— Exercise —
Below are records; quote them exactly from the first line through the line that contains "lean bog vs".

— Saved data entries —
==*==

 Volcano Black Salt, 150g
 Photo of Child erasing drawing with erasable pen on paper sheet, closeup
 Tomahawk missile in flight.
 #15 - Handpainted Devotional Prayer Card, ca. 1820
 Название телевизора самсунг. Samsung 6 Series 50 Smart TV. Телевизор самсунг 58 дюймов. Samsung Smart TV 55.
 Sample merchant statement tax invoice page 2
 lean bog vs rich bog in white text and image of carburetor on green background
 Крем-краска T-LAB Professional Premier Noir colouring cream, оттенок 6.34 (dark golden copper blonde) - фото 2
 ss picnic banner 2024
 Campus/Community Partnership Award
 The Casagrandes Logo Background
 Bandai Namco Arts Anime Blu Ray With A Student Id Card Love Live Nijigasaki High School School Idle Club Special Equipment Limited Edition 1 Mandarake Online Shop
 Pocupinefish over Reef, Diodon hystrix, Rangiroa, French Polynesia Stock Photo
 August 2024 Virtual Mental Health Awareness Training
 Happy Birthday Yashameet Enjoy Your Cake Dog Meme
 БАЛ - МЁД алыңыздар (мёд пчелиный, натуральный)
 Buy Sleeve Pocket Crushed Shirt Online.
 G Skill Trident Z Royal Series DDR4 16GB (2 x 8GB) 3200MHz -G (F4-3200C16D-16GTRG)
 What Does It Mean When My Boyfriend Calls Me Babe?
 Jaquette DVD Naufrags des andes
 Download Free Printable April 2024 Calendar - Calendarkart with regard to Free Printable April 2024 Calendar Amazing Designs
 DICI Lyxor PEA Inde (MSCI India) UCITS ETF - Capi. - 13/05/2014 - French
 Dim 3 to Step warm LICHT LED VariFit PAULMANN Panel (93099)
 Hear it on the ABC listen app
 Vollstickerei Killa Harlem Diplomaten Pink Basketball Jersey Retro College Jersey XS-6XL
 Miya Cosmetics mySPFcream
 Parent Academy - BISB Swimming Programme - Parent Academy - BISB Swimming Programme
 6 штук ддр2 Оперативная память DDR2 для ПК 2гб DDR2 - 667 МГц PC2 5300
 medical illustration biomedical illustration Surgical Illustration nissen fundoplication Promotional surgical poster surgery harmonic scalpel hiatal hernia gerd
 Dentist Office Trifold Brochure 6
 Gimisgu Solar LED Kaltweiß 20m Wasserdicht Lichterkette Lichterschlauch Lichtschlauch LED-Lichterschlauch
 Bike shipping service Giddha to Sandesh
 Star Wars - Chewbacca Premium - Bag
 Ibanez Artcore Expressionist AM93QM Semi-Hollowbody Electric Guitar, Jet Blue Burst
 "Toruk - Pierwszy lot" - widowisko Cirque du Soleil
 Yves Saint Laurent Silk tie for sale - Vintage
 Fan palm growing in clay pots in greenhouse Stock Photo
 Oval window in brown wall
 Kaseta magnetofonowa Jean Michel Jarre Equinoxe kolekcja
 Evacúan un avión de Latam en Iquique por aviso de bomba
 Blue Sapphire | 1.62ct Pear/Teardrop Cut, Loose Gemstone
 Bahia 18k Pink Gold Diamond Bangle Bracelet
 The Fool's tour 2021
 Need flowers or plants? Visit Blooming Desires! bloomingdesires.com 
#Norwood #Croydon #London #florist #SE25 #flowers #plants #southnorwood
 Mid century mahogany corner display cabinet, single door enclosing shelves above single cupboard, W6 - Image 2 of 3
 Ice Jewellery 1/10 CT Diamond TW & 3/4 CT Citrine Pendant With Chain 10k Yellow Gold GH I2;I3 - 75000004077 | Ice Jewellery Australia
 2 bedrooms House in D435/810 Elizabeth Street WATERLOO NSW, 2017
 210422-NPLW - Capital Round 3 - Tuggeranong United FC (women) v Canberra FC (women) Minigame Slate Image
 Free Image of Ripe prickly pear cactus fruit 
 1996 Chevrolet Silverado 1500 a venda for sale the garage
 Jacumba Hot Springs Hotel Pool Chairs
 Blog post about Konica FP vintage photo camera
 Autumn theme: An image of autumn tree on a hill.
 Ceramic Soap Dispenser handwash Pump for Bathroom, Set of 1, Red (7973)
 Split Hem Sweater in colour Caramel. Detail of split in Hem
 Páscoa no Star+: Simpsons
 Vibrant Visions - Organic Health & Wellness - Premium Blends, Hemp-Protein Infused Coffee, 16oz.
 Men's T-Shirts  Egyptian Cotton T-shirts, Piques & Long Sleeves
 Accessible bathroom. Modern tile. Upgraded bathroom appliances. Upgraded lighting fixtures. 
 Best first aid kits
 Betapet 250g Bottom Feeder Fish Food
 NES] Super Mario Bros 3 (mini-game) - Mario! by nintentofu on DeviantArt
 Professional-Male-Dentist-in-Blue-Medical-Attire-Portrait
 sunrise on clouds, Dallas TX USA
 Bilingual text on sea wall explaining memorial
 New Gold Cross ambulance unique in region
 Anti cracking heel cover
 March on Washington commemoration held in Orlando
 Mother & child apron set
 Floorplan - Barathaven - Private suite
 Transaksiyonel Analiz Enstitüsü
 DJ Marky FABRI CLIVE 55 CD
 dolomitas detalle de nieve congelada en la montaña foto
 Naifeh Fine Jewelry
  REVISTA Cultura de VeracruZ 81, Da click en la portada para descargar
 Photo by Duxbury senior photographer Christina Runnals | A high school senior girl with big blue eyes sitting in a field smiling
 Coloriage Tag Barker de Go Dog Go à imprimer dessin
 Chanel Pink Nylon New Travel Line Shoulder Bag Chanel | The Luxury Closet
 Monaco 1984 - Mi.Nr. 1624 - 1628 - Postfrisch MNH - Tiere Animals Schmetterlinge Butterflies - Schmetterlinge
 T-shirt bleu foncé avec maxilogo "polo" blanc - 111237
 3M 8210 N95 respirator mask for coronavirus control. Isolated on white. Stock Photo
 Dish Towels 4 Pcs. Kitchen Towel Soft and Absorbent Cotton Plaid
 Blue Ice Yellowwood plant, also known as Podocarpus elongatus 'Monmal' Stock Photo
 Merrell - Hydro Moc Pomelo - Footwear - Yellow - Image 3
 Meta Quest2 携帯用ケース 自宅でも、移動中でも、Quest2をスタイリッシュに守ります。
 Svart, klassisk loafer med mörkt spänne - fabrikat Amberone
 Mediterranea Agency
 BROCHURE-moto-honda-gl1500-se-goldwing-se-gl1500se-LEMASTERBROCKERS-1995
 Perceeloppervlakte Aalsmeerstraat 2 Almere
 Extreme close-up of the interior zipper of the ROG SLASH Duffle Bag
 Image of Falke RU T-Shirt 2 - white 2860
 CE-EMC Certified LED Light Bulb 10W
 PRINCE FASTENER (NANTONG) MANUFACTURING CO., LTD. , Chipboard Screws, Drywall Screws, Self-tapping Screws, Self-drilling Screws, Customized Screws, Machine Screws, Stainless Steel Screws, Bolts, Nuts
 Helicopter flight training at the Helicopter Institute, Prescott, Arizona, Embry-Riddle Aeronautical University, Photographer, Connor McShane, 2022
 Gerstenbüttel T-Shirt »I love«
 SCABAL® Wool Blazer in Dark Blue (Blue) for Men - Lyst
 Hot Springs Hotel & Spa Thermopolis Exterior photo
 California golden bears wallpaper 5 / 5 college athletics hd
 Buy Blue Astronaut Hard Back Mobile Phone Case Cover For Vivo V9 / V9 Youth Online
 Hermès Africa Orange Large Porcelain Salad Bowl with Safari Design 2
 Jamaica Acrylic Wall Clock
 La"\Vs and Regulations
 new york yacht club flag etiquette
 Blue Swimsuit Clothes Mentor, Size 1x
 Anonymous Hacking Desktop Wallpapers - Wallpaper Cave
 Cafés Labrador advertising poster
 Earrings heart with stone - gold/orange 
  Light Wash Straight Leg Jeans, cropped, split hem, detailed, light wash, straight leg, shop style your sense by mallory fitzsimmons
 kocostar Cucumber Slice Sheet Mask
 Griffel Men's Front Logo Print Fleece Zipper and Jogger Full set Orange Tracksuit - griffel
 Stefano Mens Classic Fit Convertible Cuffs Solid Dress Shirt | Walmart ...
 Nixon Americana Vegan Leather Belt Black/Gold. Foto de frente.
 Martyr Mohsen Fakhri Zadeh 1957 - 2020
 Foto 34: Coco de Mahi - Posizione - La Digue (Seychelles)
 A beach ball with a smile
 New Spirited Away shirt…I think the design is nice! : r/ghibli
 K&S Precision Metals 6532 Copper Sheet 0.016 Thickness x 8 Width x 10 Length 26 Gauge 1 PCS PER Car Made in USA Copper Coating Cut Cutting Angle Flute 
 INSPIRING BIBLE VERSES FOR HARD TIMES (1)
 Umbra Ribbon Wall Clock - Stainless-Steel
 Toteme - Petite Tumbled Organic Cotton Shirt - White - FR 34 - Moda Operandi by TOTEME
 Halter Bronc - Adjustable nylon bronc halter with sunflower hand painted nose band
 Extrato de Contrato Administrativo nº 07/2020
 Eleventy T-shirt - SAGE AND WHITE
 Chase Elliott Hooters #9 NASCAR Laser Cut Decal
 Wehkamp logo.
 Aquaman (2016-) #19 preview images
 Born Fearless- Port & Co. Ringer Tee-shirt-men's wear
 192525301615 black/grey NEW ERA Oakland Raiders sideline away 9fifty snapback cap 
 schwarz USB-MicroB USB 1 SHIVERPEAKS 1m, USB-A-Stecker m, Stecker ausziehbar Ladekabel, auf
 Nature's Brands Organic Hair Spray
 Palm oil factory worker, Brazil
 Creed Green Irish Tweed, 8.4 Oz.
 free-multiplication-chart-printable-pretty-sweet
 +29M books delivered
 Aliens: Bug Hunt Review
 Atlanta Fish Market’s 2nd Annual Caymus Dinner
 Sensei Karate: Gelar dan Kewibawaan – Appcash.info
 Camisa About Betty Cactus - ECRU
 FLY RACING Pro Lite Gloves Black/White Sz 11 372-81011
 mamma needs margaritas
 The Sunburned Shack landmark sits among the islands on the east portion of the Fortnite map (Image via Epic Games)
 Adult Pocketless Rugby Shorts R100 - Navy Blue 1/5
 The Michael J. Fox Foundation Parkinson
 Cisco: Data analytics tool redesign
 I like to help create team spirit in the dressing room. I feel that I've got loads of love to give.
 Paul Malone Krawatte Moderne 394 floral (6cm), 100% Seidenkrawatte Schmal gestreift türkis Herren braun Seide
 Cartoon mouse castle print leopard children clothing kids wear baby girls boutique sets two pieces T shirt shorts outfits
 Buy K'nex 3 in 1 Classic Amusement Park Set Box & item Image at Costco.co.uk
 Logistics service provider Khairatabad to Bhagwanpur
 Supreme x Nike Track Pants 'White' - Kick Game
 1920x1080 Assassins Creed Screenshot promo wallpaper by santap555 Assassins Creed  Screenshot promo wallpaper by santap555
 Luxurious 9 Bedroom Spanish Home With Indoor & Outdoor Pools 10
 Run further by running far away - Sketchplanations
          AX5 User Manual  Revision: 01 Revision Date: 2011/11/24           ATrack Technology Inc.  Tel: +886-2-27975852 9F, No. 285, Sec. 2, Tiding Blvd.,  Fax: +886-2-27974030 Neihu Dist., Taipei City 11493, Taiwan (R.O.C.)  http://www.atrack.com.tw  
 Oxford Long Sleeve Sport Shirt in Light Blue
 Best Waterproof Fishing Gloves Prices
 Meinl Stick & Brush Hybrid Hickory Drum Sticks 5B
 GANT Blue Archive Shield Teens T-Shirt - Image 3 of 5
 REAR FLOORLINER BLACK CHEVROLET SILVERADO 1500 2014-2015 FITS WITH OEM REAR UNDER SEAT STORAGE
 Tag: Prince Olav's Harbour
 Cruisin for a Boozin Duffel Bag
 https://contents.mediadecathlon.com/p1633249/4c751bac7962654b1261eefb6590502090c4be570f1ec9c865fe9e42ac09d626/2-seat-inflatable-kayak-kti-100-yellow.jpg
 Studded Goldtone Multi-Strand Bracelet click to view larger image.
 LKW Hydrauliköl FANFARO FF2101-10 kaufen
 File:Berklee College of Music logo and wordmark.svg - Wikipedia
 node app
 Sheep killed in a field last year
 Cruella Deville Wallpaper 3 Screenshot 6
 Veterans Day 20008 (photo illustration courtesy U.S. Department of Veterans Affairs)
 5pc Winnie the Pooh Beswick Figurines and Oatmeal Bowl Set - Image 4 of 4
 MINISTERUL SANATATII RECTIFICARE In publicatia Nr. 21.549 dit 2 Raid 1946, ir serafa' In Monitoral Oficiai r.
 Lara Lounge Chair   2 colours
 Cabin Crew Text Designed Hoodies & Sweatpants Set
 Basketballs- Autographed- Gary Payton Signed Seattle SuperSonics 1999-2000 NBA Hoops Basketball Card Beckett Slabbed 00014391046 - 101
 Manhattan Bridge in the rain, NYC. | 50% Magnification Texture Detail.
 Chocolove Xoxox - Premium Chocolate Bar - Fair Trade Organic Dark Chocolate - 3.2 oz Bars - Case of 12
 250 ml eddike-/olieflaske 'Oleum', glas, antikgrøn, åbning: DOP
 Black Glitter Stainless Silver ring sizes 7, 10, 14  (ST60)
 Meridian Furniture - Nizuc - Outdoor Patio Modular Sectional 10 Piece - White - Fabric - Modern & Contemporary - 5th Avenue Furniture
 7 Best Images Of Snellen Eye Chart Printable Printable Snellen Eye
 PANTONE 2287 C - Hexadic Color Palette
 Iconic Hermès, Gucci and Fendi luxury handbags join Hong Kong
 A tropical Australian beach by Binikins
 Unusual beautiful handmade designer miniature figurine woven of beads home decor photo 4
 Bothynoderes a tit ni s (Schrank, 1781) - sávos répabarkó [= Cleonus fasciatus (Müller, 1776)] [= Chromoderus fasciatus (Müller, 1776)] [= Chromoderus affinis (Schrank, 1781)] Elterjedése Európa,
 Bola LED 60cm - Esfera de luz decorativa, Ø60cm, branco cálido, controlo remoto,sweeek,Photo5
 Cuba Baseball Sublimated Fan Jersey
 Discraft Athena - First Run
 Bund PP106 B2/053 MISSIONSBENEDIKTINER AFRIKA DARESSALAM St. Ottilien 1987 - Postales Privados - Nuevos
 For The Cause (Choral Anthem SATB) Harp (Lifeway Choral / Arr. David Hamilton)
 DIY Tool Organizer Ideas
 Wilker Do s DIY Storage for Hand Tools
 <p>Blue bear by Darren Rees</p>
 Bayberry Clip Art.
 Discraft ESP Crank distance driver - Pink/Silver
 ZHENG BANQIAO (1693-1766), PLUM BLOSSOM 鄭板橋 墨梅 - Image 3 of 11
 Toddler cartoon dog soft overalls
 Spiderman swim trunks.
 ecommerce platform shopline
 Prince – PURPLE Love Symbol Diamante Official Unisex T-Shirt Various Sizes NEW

==*==

— Exercise result —
 Volcano Black Salt, 150g
 Photo of Child erasing drawing with erasable pen on paper sheet, closeup
 Tomahawk missile in flight.
 #15 - Handpainted Devotional Prayer Card, ca. 1820
 Название телевизора самсунг. Samsung 6 Series 50 Smart TV. Телевизор самсунг 58 дюймов. Samsung Smart TV 55.
 Sample merchant statement tax invoice page 2
 lean bog vs rich bog in white text and image of carburetor on green background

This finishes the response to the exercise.